Same goes for day-to-day life, at the moment. I’ve got little bits and pieces that are working well, and I know where I want things to end up, I just need to find a way to make everything fall into place.

Unfortunately, I don’t think this can be accomplished with magic beans or a rocket ship powered by Shetland ponies. I tried the latter and it didn’t end well.

I guess that only leaves effort. Time-consuming, frustrating, liberating effort.

Yay?

 

Lies!

Writing - 1 Comment » - Posted on June, 27 at 3:48 pm

My dinner-party story has been put on the back burner.  I still plan on writing it, it’s just that it was getting very weird: Rob Roy showed up.  Then Bono.  And I don’t want to subject anyone to anything resembling the middle act of Across the Universe.  
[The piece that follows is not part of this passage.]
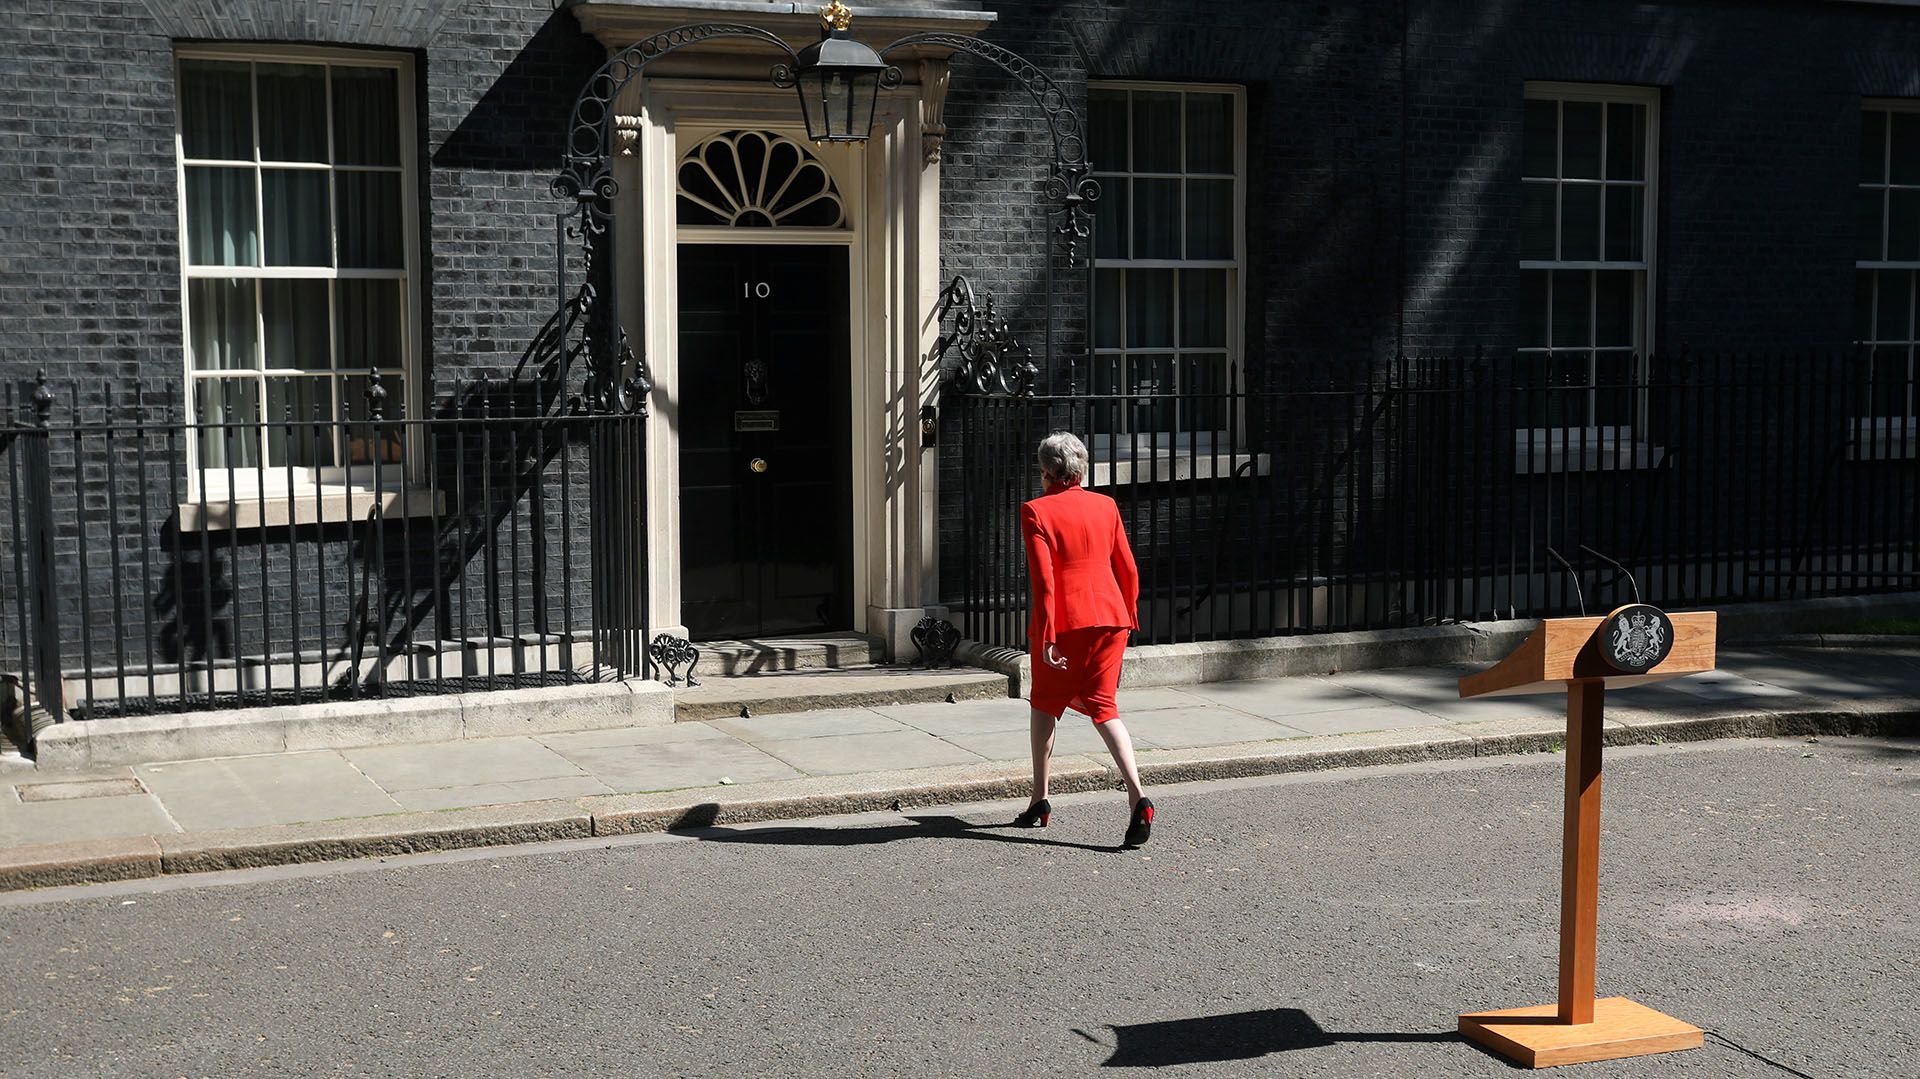 Theresa May May dio a conocer su decisión en una declaración ante la residencia oficial del 10 de Downing Street, en Londres (Photo by ISABEL INFANTES / AFP)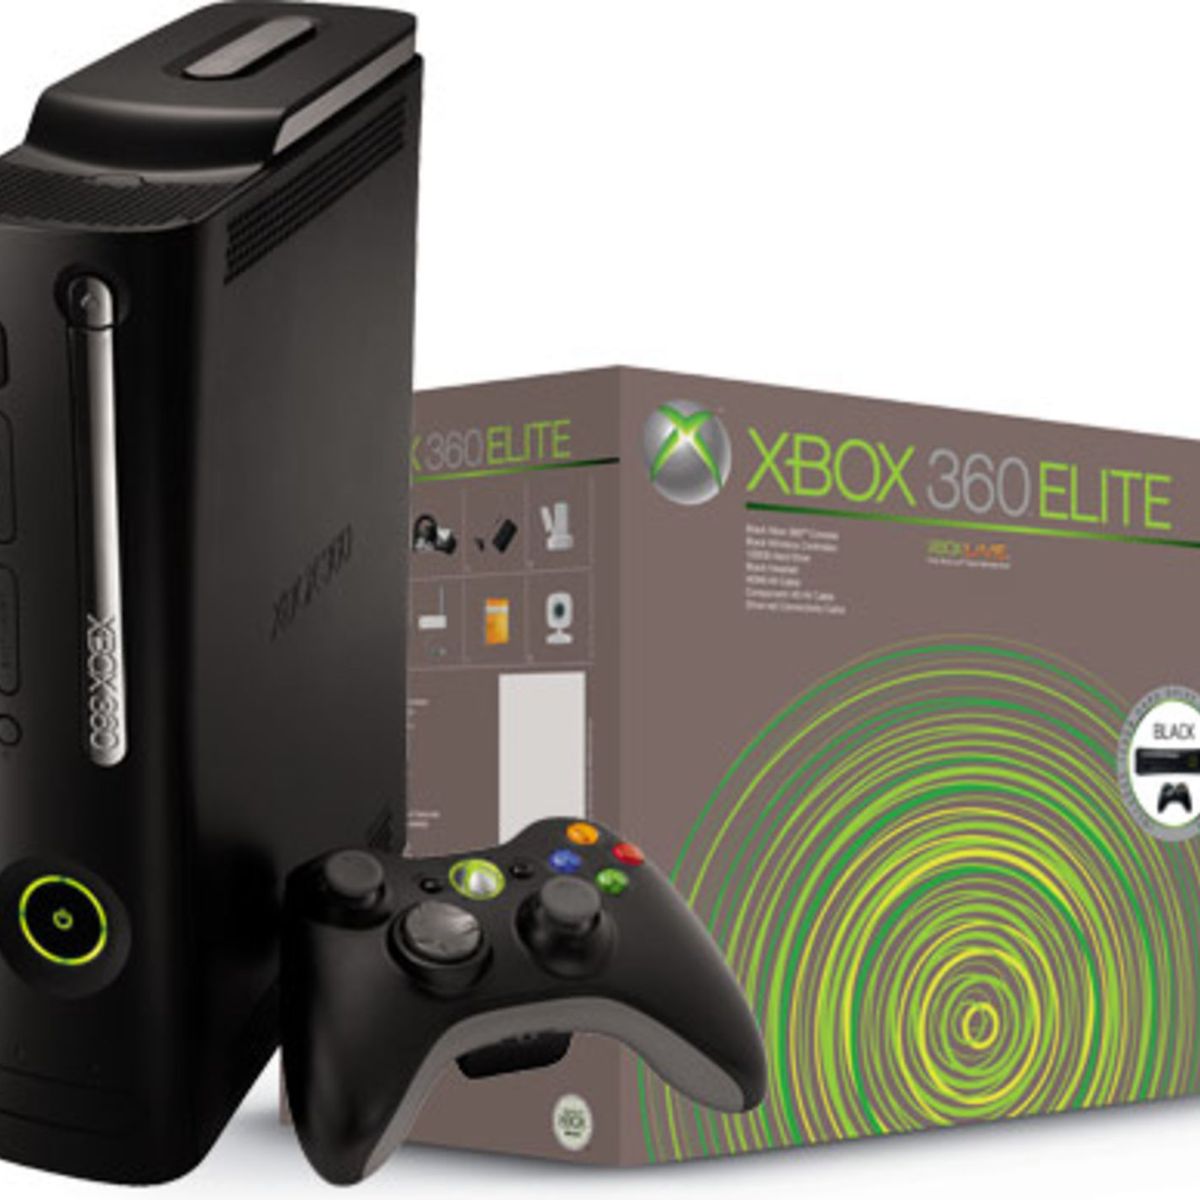 Xbox 360 desbloqueado com jogos leia a descrição - Videogames - Elói Mendes  1249110906

But all is not lost: I’m now over 2000 words into my new alien invasion story.  To me, alien invasion can be totally cool or incredibly cliché, and I look at getting this piece into the former category as the challenge.  Here’s a tiny excerpt:

The klaxon at the end of the street released one last curdling scream before breaking down into unending feedback. Walter was alone, then.  The dead eyes of his wife and the thing inside her casting judgment upon him in the dark.

Also, this morning I sent out my Niagara Falls story “Horseshoe” to a good market, so we’ll see what happens.